At Block 802, a voice processor generates a speech signal based on acoustic signals from at least one microphone. The voice processor may be included in the electronic device. In one embodiment, the VADa output generated by the VAD included in the electronic device and the speech signal from the voice processor are encoded by an encoder included in the electronic device. The ASR engine in this embodiment then decodes the combined signal to obtain a decoded VADa output and a decoded speech signal.
At Block 803, an end-pointer generates the end-pointing markers based on the VADa output. In one embodiment, the end-pointer is included in the ASR engine. The ASR engine may be included on a server.
At Block 804, an ASR engine performs ASR on the speech signal based on the end-pointing markers. In one embodiment, the ASR module included in the ASR engine generates acoustic and linguistic information. In this embodiment, the end-pointer may generate the end-pointing markers based on the decoded VADa output and the acoustic and linguistic information from the ASR module.
Keeping the above points in mind,
An embodiment of the invention may be a machine-readable medium having stored thereon instructions which program a processor to perform some or all of the operations described above. A machine-readable medium may include any mechanism for storing or transmitting information in a form readable by a machine (e.g., a computer), such as Compact Disc Read-Only Memory (CD-ROMs), Read-Only Memory (ROMs), Random Access Memory (RAM), and Erasable Programmable Read-Only Memory (EPROM). In other embodiments, some of these operations might be performed by specific hardware components that contain hardwired logic. Those operations might alternatively be performed by any combination of programmable computer components and fixed hardware circuit components.

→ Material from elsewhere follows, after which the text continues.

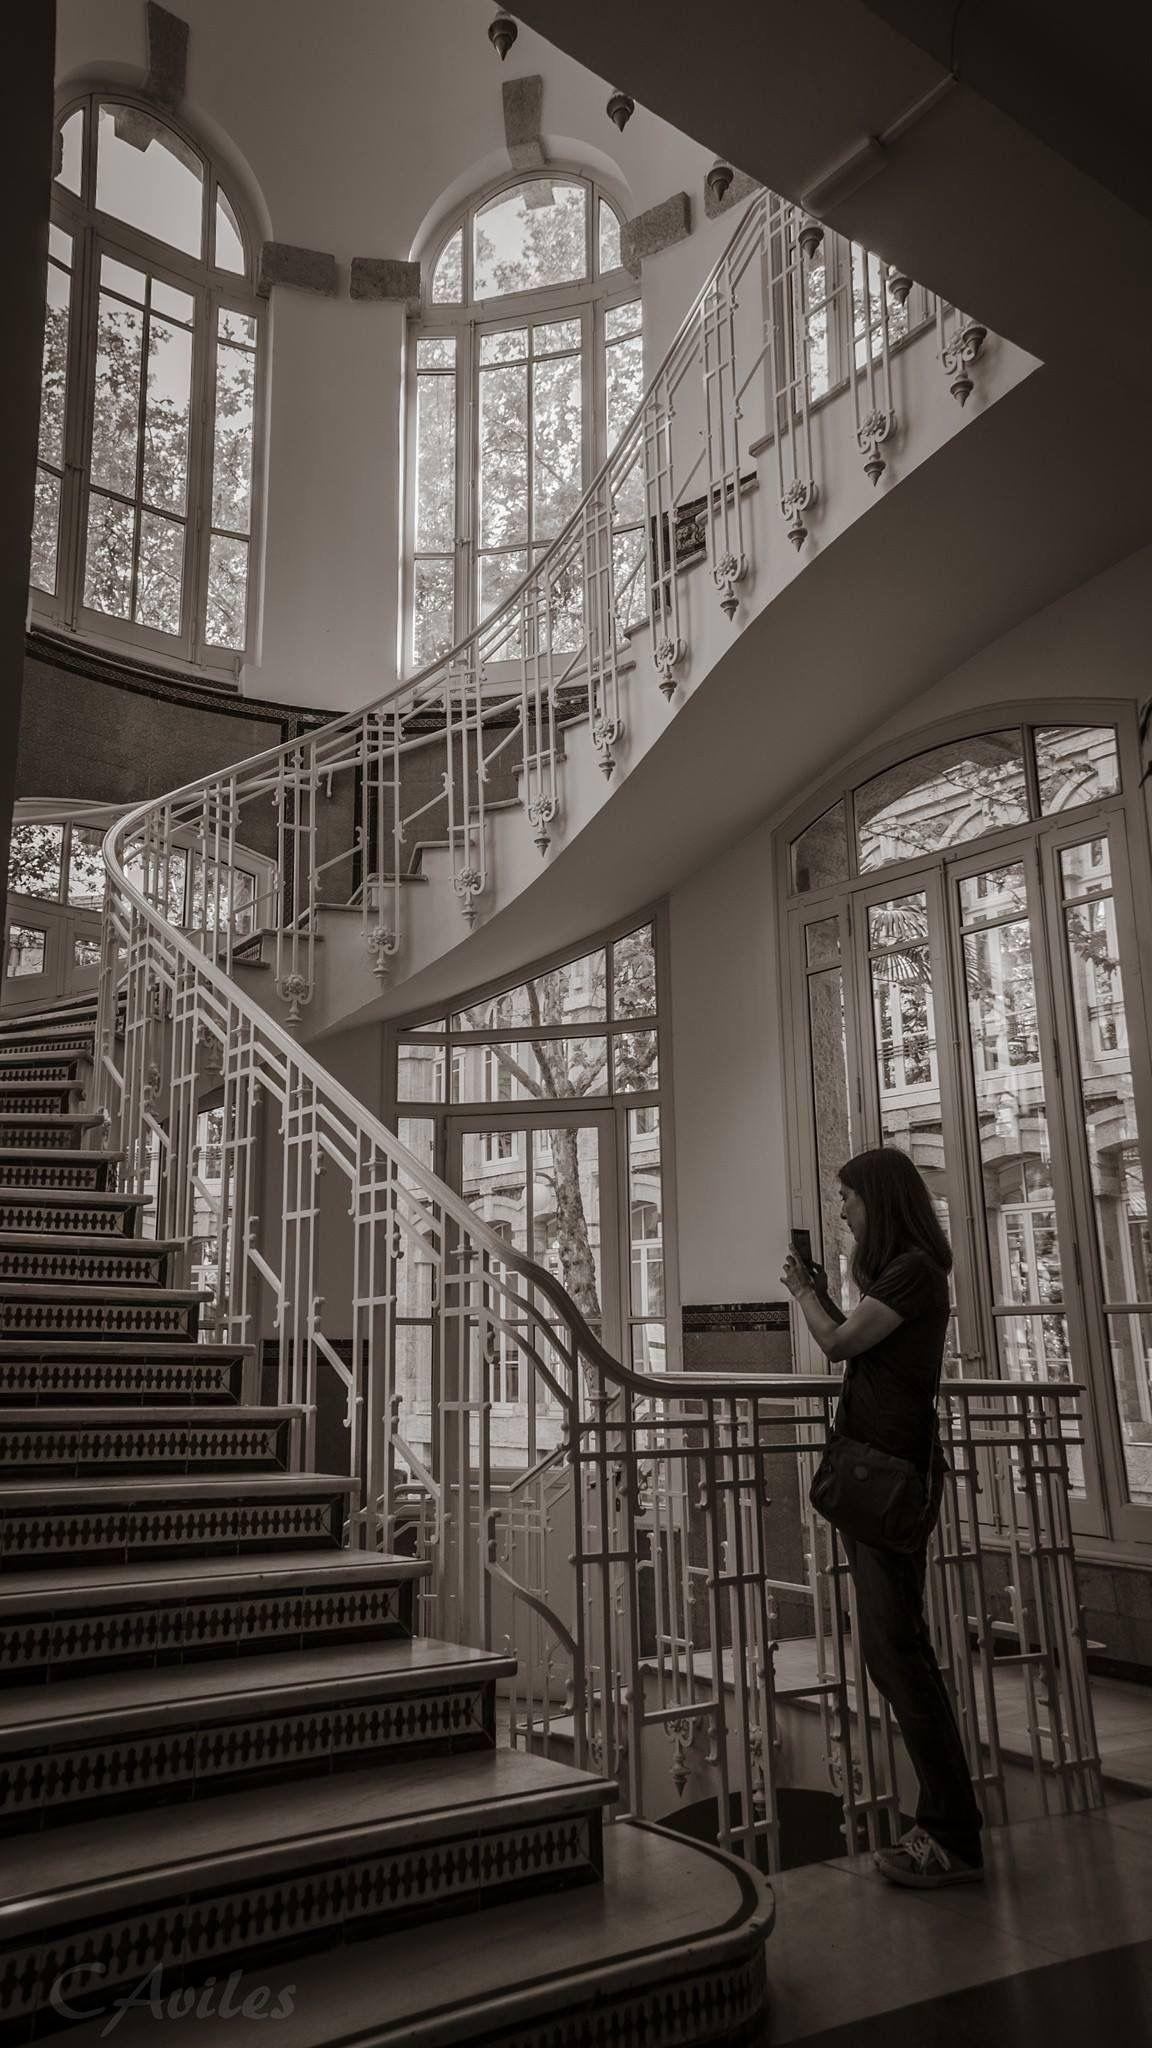 Escaleras del antiguo hospital de Maudes. Obra de Antonio Palacios.

While the invention has been described in terms of several embodiments, those of ordinary skill in the art will recognize that the invention is not limited to the embodiments described, but can be practiced with modification and alteration within the spirit and scope of the appended claims. The description is thus to be regarded as illustrative instead of limiting. There are numerous other variations to different aspects of the invention described above, which in the interest of conciseness have not been provided in detail. Accordingly, other embodiments are within the scope of the claims.